Curiously, he put his paw up and felt something just under the surface of his fur.
And as the dragon thundered up toward him, he realized what it was. An item that he’d tucked away in his stuffing for safekeeping.
The Scale-smasher.
A gift from Anne Bunny.
A weapon against dragons.
He tore himself open with a slice of his claw, drew it out, even as the dragon loomed over him, maw opening wide.
It was as he remembered it. A golden hammer with a dial on its side.
A dial because its size was adjustable.
And as the dragon’s head came down, as he heard his friends scream and start to shout skills, he held the hammer up and spun the dial to the right, and kept on spinning it.
The dragon’s jaws snapped shut…
…and straight into the head of the hammer, stopped inches from connecting with him, thanks to the now wagon-sized hammer head blocking its mouth.
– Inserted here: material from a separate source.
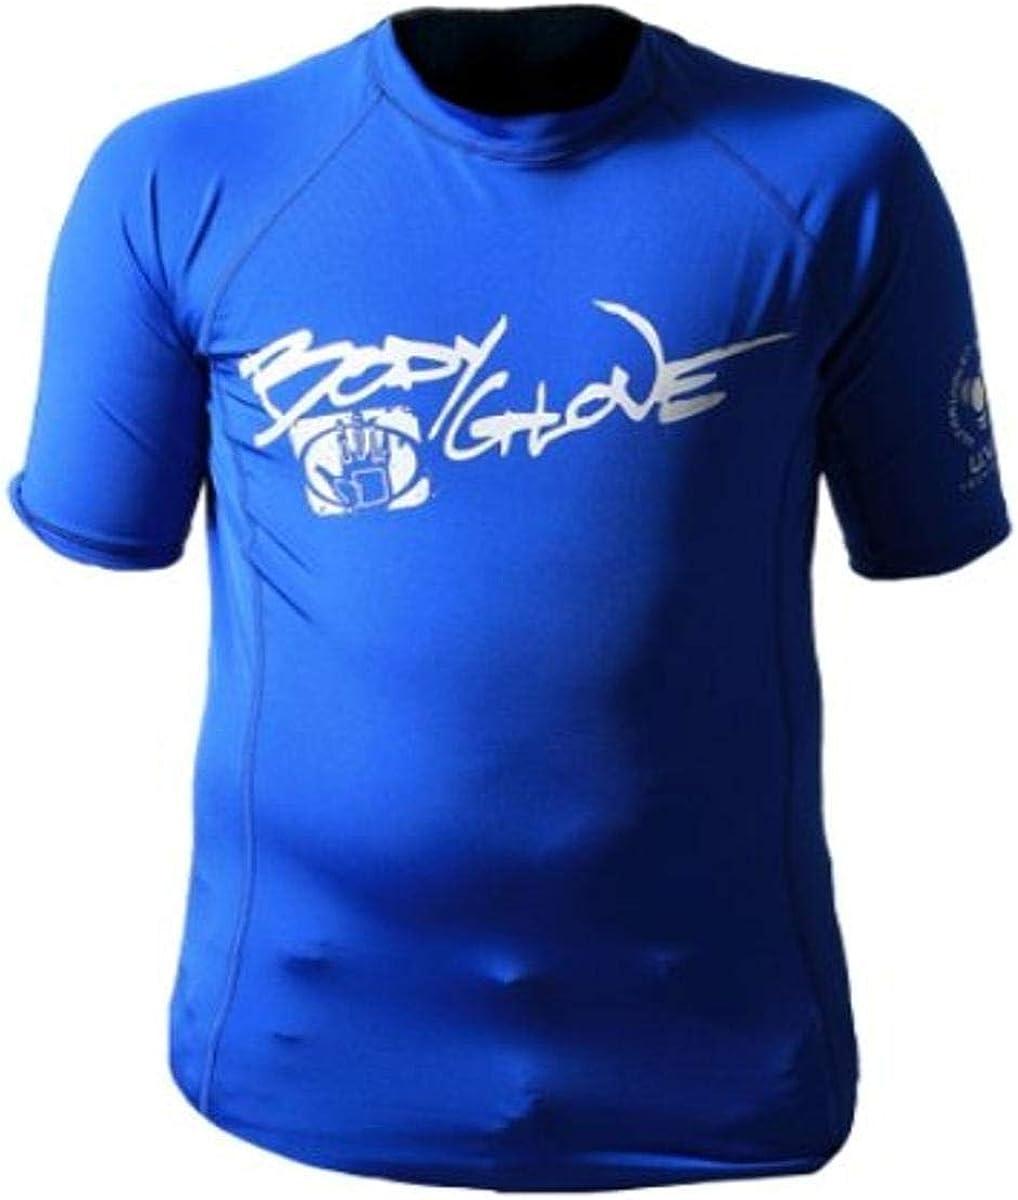 Body Glove Basic Deluxe Junior's Short Sleeve Lycra Rashguard Shirt

The dragon whipped its head up and Threadbare hung on for dear life, twisting that dial even further, finding himself being pushed out of its mouth as the hammer grew and thrust him back.
The dragon tried to shake its head to clear the hammer out of its mouth, but by now the head was too big, and wedged in between its jaws in a way that prevented it from coming out. The dragon’s own physiology, its predator’s teeth and mouth designed to catch and hold on worked against it.
It slammed the hammer to the ground, but Threadbare shifted so he was on the opposite side of the still expanding hammer, and kept on twisting the dial.
Only when its claws came up and groped at the handle, did Threadbare realize that he had to go.
Fortunately, that didn’t stop him.
“Animus,” he told the dial. “Command Animi, keep turning to the right.”
And then he leaped down and ran, as his party, who had been running back to help, stopped and started running back up the slope again.
After a moment, there came a loud cracking noise, and the sound of a dragon falling back down the slope, tumbling head over heels.
Followed by a loud SQUISH, that was perhaps the sound of a hammer the size of a house falling on top of a very unlucky dragon.
But by that time Threadbare was clambering up a ladder, following the rest of his group, ready for the next challenge.
“We’re through!” he heard Midian say, and hope filled his heart…
…hope that was dashed, when she gasped, and whispered, “What the hell?”
He was about to ask her what was wrong, when the ladder rolled upwards, and beneath him the octagonal hatch snapped shut with a resounding THOOM.
Threadbare looked down at it, then up to a world gone mad.